JSON mode
Effective August 1, 2024 Anyscale Endpoints API will be available exclusively through the fully Hosted Anyscale Platform. Multi-tenant access to LLM models will be removed.
With the Hosted Anyscale Platform, you can access the latest GPUs billed by the second, and deploy models on your own dedicated instances. Enjoy full customization to build your end-to-end applications with Anyscale. Get started today.
JSON Mode enables the LLM to produce a JSON-formatted responses, useful when you want to integrate the LLM with other systems that expect a specific JSON schema.
You can set the JSON schema by setting the response_format = {"type": "json_object"}
parameter in the POST request to the LLM. You can optionally provide a schema by setting the response_format = {"type": "json_object", "schema": <schema>}
parameter. If you don't provide a schema, the LLM outputs any JSON object that fits.
Supported models
The following models support JSON mode:
Support for mistralai/Mixtral-8x22B-Instruct-v0.1
is coming soon.
top_p
and top_k
sampling parameters are incompatible with JSON mode.
Example
- cURL
- Python
- OpenAI Python SDK
curl "$ANYSCALE_BASE_URL/chat/completions" \
-H "Content-Type: application/json" \
-H "Authorization: Bearer $ANYSCALE_API_KEY" \
-d '{
"model": "mistralai/Mixtral-8x7B-Instruct-v0.1",
"messages": [{"role": "system", "content": "You are a helpful assistant that outputs in JSON."}, {"role": "user", "content": "Who won the world series in 2020"}],
"response_format": {"type": "json_object", "schema": {"type": "object", "properties": {"team_name": {"type": "string"}}, "required": ["team_name"]}},
"temperature": 0.7
}'
import os
import requests
s = requests.Session()
api_base = os.getenv("ANYSCALE_BASE_URL")

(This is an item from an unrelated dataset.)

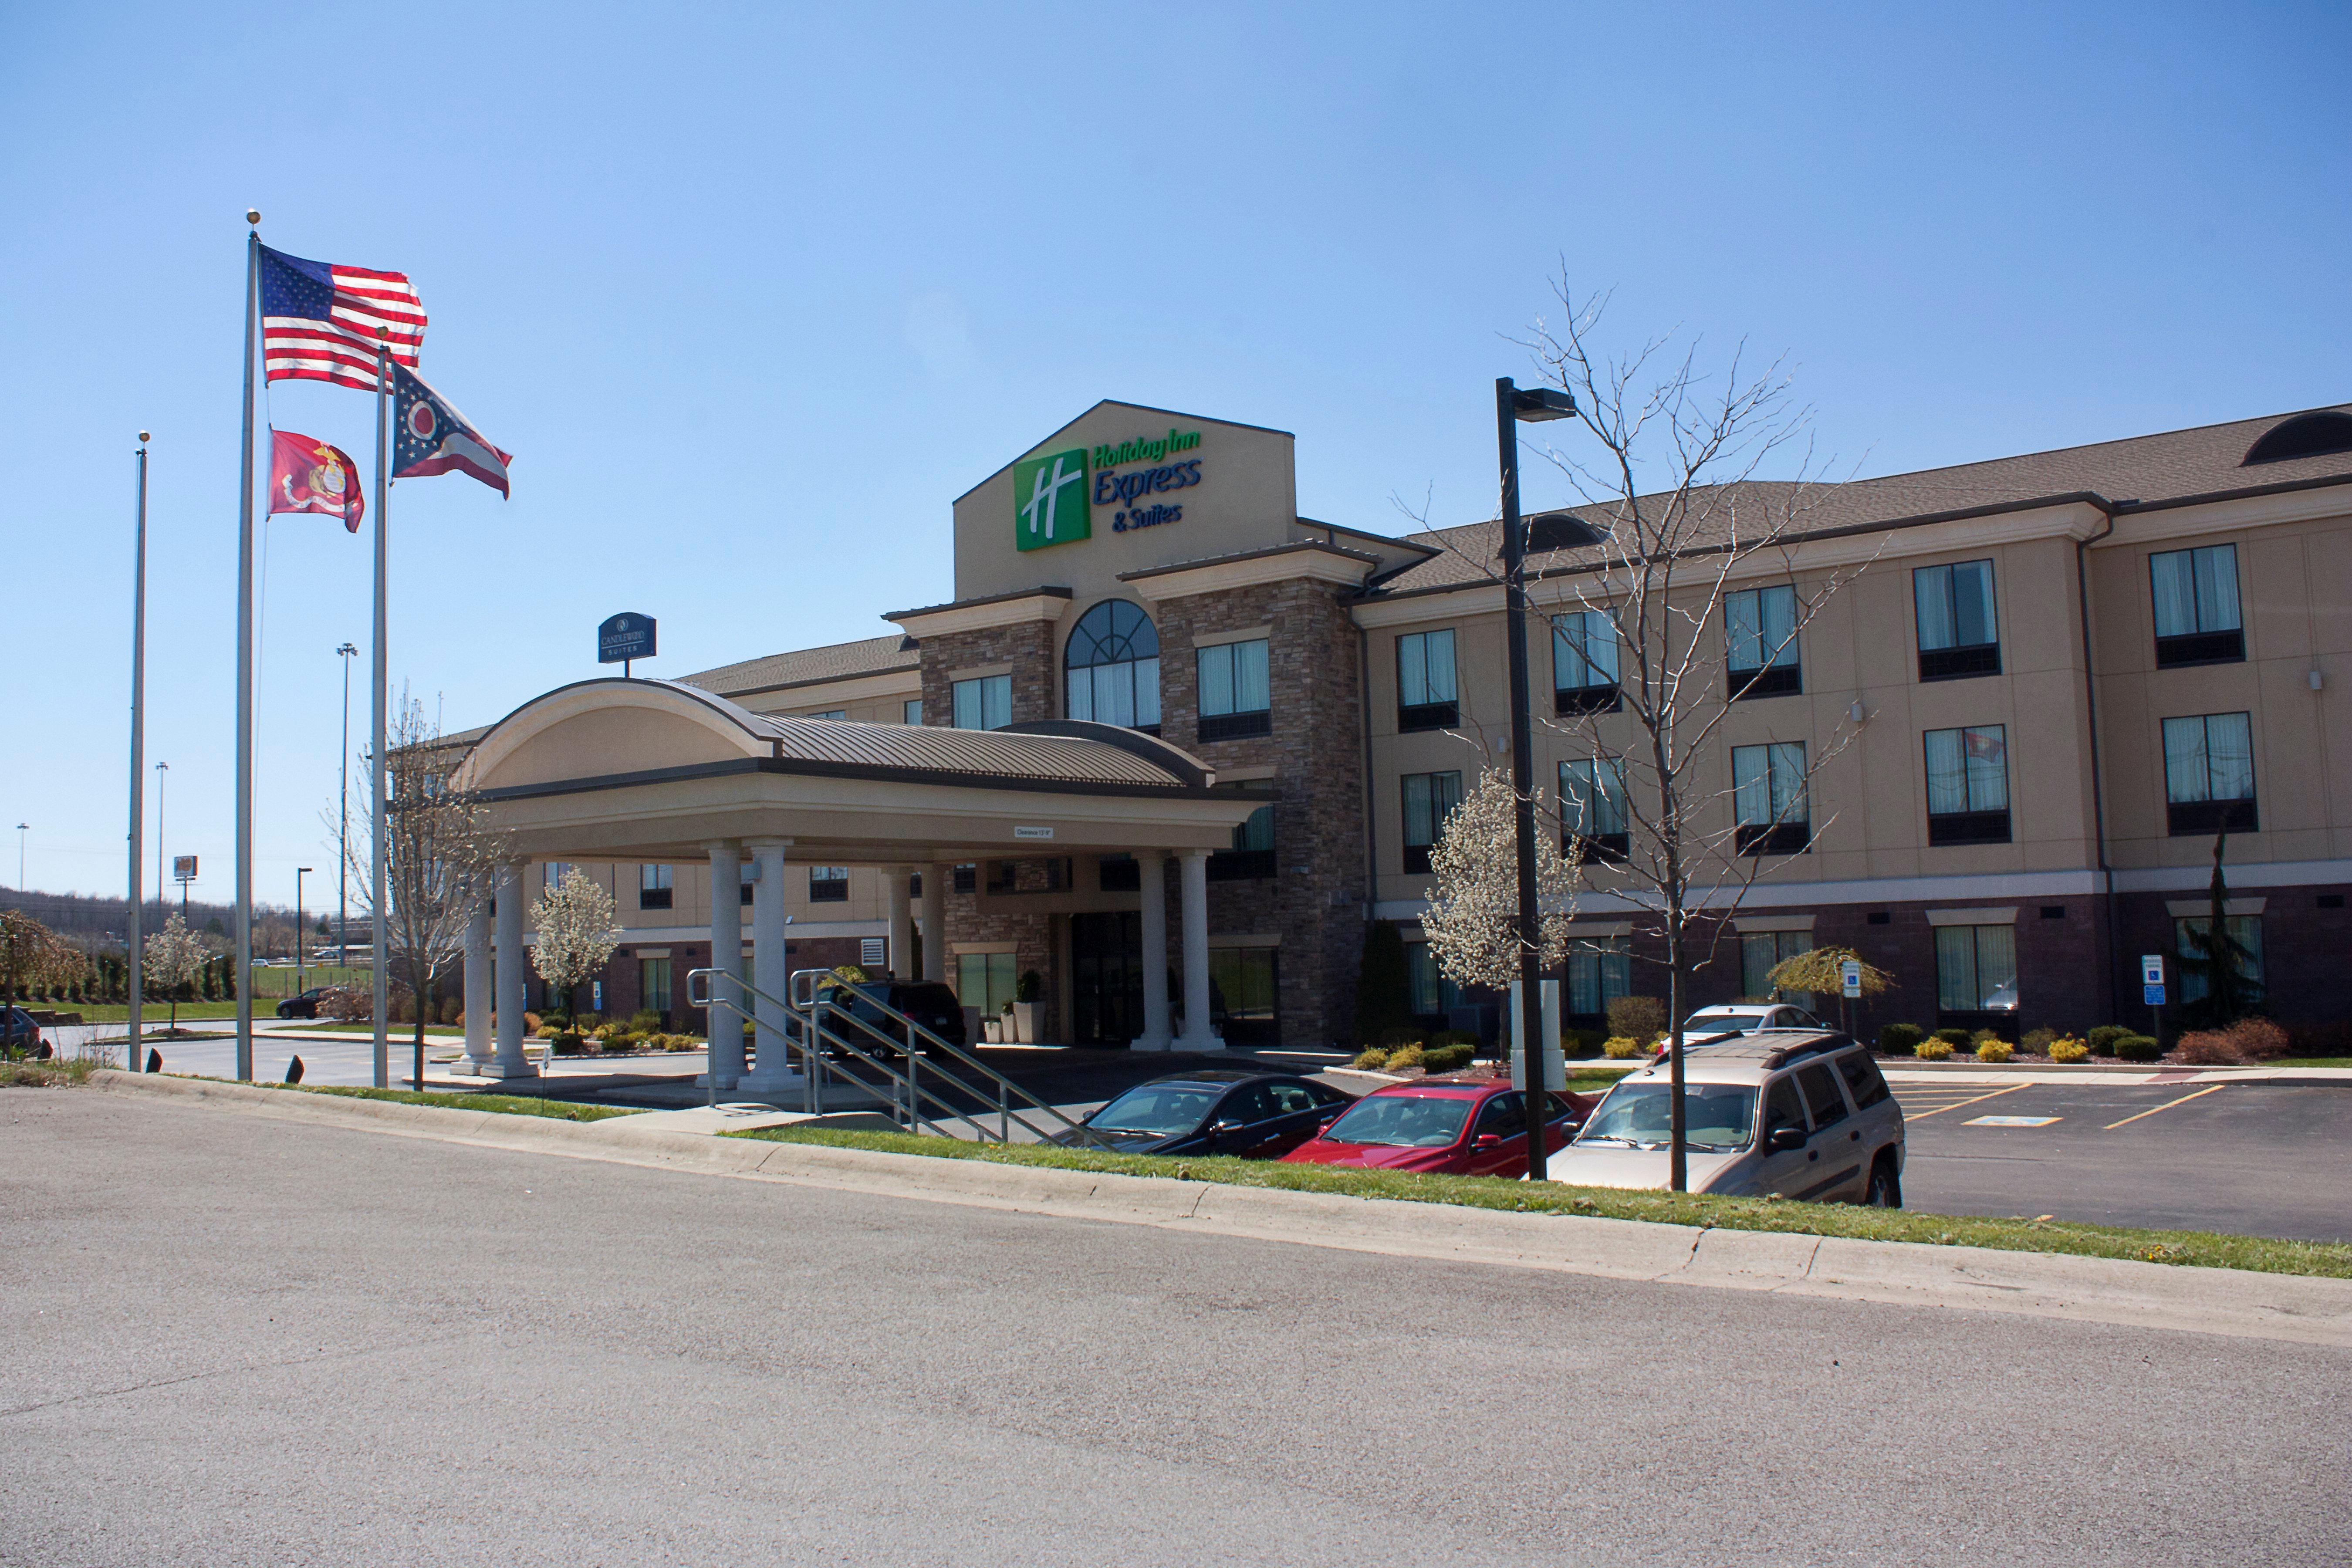 Home2 Suites By Hilton Youngstown Exterior photo

token = os.getenv("ANYSCALE_API_KEY")
url = f"{api_base}/chat/completions"
body = {
"model": "mistralai/Mixtral-8x7B-Instruct-v0.1",
"messages": [
{"role": "system", "content": "You are a helpful assistant that outputs in JSON."},
{"role": "user", "content": "Who won the world series in 2020"}
],
"response_format": {
"type": "json_object",
"schema": {
"type": "object",
"properties": {
"team_name": {"type": "string"}
},
"required": ["team_name"]
},
},
"temperature": 0.7
}
with s.post(url, headers={"Authorization": f"Bearer {token}"}, json=body) as resp:
print(resp.json())
import openai
client = openai.OpenAI(
base_url = "https://api.endpoints.anyscale.com/v1",
api_key = "esecret_YOUR_API_KEY")
# Note: not all arguments are currently supported and will be ignored by the backend.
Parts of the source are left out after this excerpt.